New Horizons Initiative aims to remedy budget troubles

Jennifer Nacin

Amid budget slices and challenges, the College of Liberal Arts and Sciences has created an initiative that aims to improve the condition of the college.

An open forum, hosted by the Liberal Arts and Sciences Representative Assembly, will allow faculty and staff to discuss the “New Horizons Initiative” on Feb. 2.

The initiative, a one-year study assembled by the LAS Budget Advisory Group, analyzes the budget cuts the college has endured during the last four years and what it has done to courses, departments and employment. It provides a list of recommendations, in hopes of aiding the college in meeting the challenges created by these cuts.

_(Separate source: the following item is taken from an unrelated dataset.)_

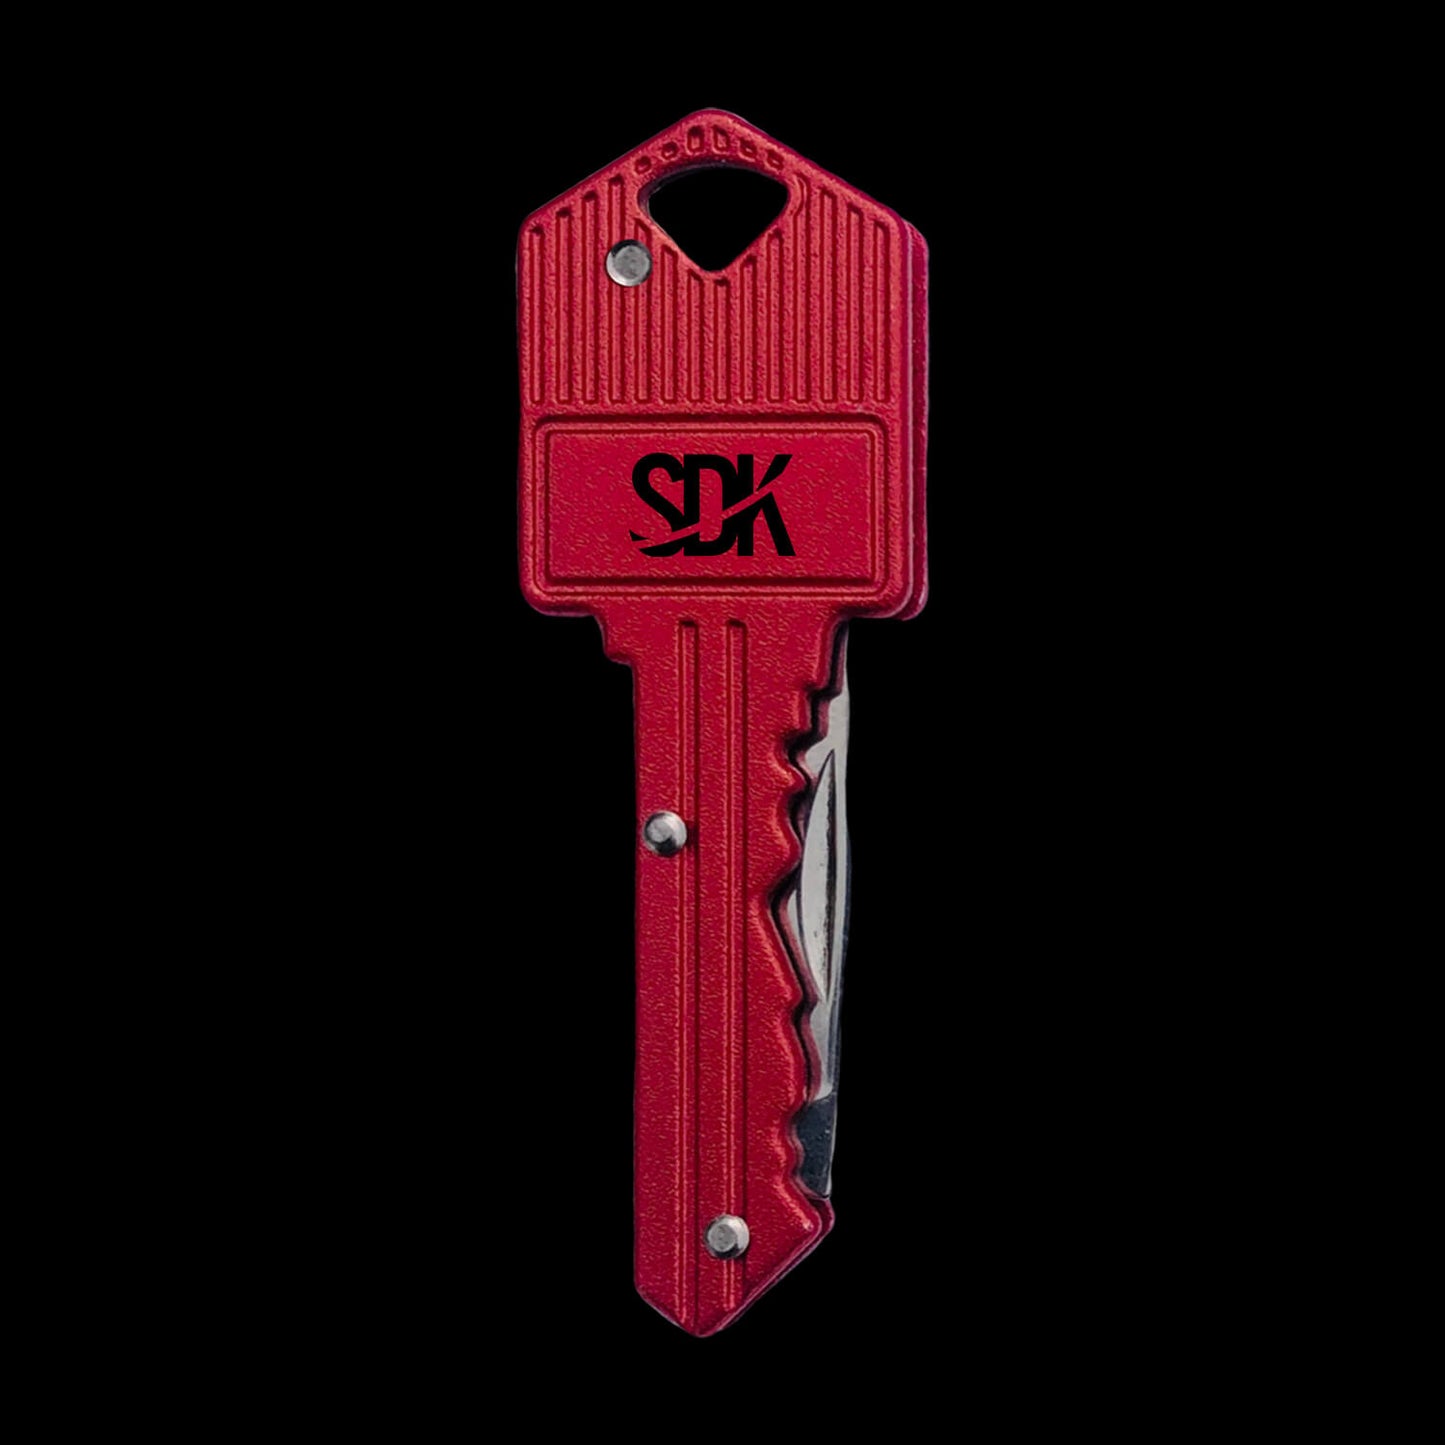 SDK Kit Red Key Knife (closed position) (stainless steel key-shaped flip knife)
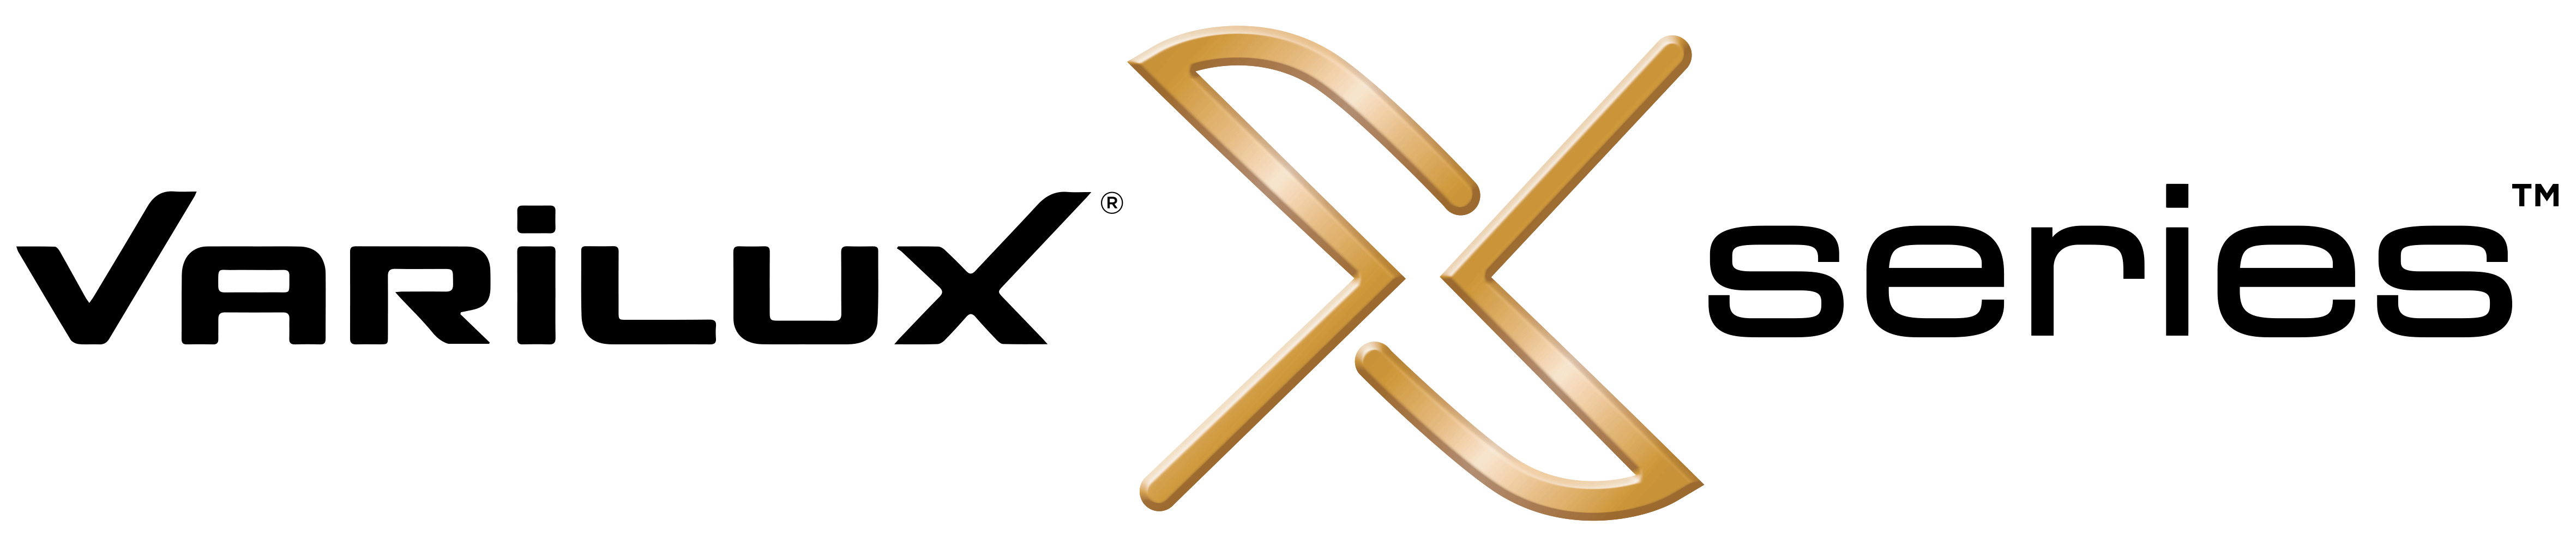 Varilux X Series

Paul Lasley, chairman of the LAS Budget Advisory Group, said he will present the Budget Advisory Group report. Lasley, professor and chairman of the department of sociology, will also introduce suggestions the group has made that will hopefully allow the college to improve itself while keeping within the specified budget during the forum.

“Our charge was to look at: Are there ways that we can restore some budget flexibility within the college to fund high priority efforts, and are there areas where reorganization would be beneficial,” he said.

One recommendation, he said, is to make curricular changes within the college to make better use of faculty time and college funds.

“We want to hear from faculty whether or not we have overlooked some ideas,” he said.

Robert Wallace, member of LAS Representative Assembly and professor of ecology, evolution and organismal biology, said because of the many budget cuts the college has been through, this initiative is crucial in ensuring the most efficient use of available dollars.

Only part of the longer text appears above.